Following her apology video, which was uploaded to YouTube on Friday, September 4, Tana Mongeau received some major backlash from fans who claimed her “long overdue apology” was not “genuine.” Others accused the entire 15-minute clip of being scripted while other social media users said she looked “emotionless.”

For these who missed it, the 22-year-old YouTuber apologized to her 5.4 million subscribers “for being such a big part of cancel culture for the entirety of my career.”

She added, “I want to express my utter disgust with every single apology video I ever made. I’m sorry for uploading them, I’m sorry for defending them, and I’m sorry for putting them out to such a huge audience. I did nothing but look at apology videos as people digging up my past again.”

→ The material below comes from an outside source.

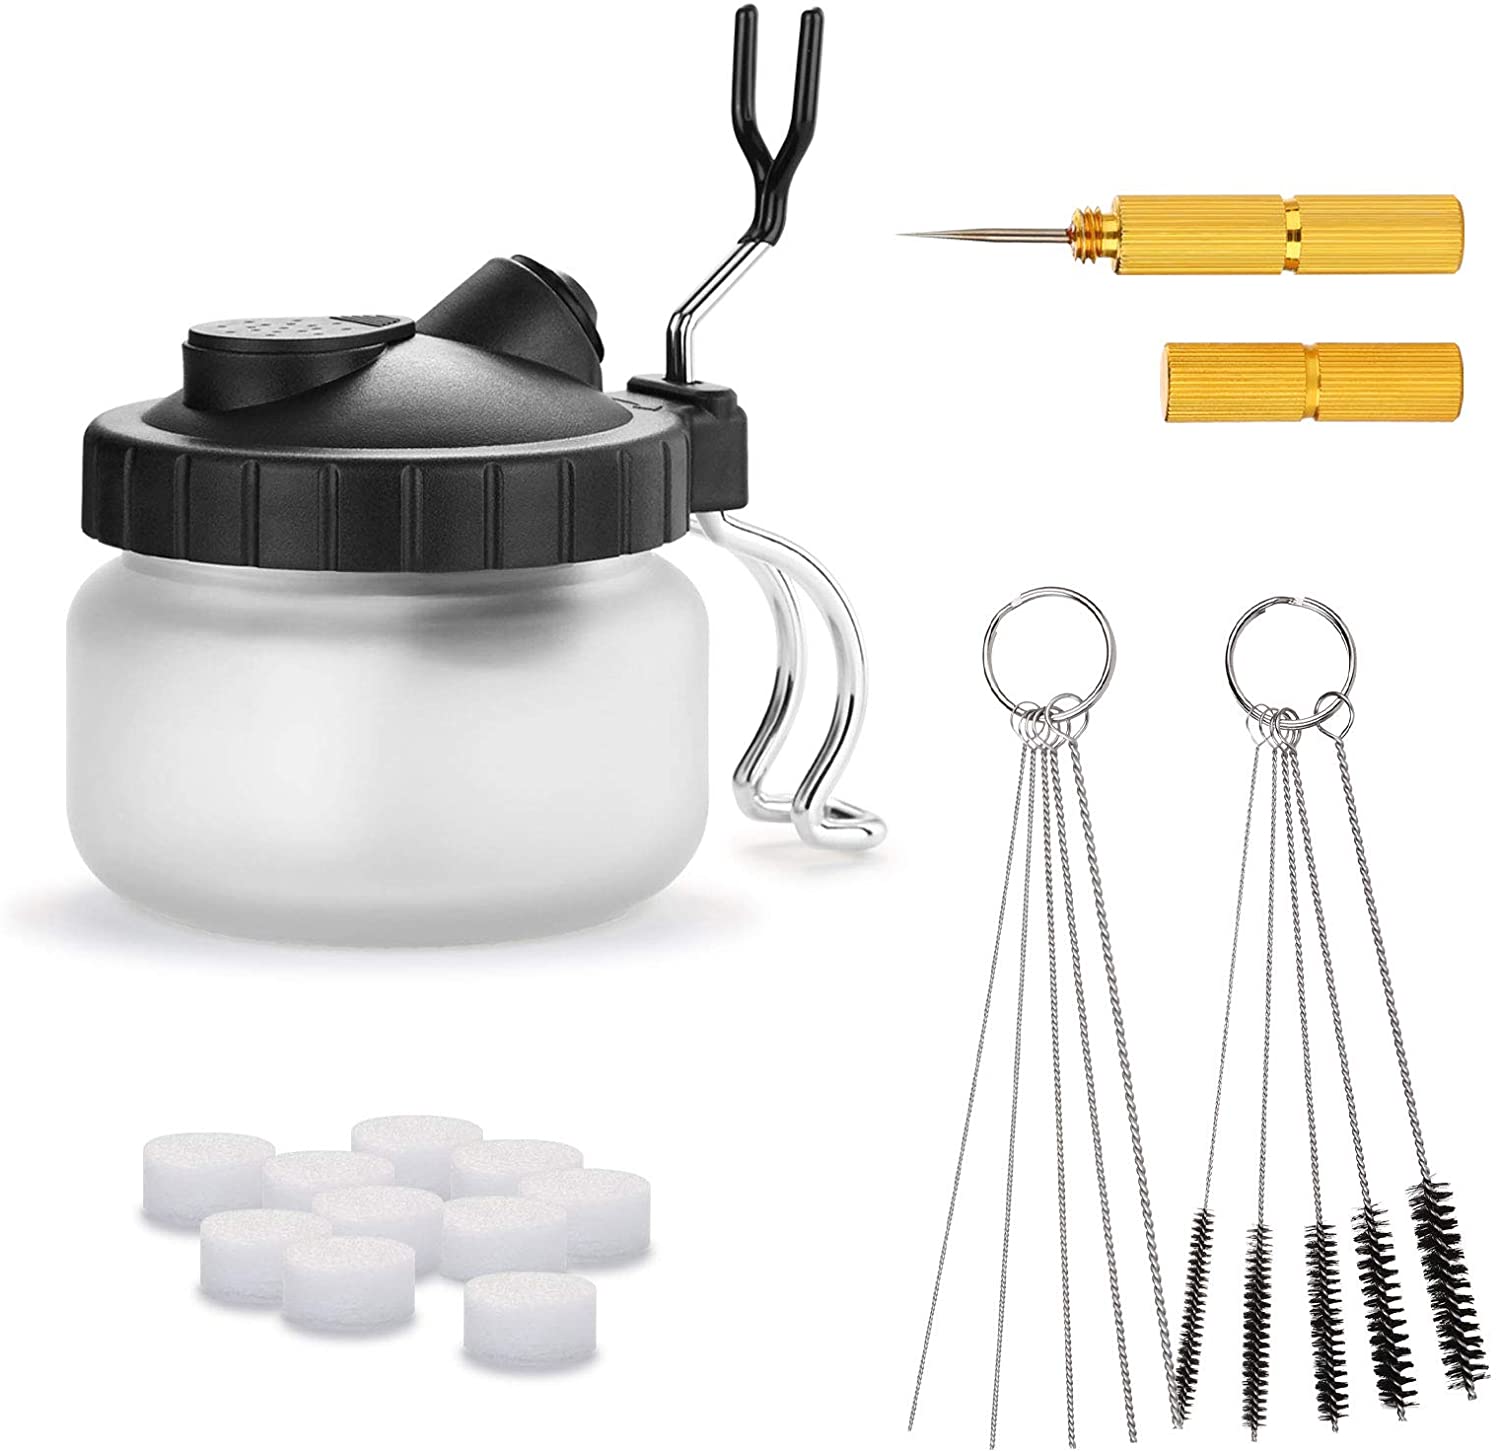 Master Airbrush 3-in-1 Cleaning Pot with Holder; Cleans and Holds Airbrush,  Color Palette Lid

As fans know, Tana’s apology came months after her former friend and collaborator Kahlen Barry publicly called her out on Twitter for using racial slurs, making him feel “invalid” and not using her platform to support the Black Lives Matter movement. Then, in a 44-minute video, uploaded on June 15, Kahlen detailed his experiences working with the YouTuber. At the time, she apologized, but he called her apology  “very manipulative, very deflective, and also gaslighting and invalidating.”

In her new apology, Tana not only addressed all these prior claims, but promised to do better in the future.

“I don’t deserve a platform if I continue to act in such a gas-lighting and irresponsible manner, and I’m so sorry for how long I’ve done that,” she said. “I don’t want to come back to this platform until I am someone that can shape the youth in far better ways than the things I watched growing up shaped me. I don’t want to be the reason a young girl grows up the way I did.”

Fans were quick to slam her “fake” apology, and after seeing the backlash Tana spoke out in since-expired Instagram Stories posts.

“I just want to let you know that I am taking in everything everyone is saying, and will be making a response,” she said, before ensuring fans that her video was not scripted. “A lot of people are really coming for me for being so emotionless and just kind of talking, saying it’s a script or whatever, but I was just scared to cry. At the end of the day, if you’re crying, if you’re freaking out in an apology video, people are going to be so much more angry for that.”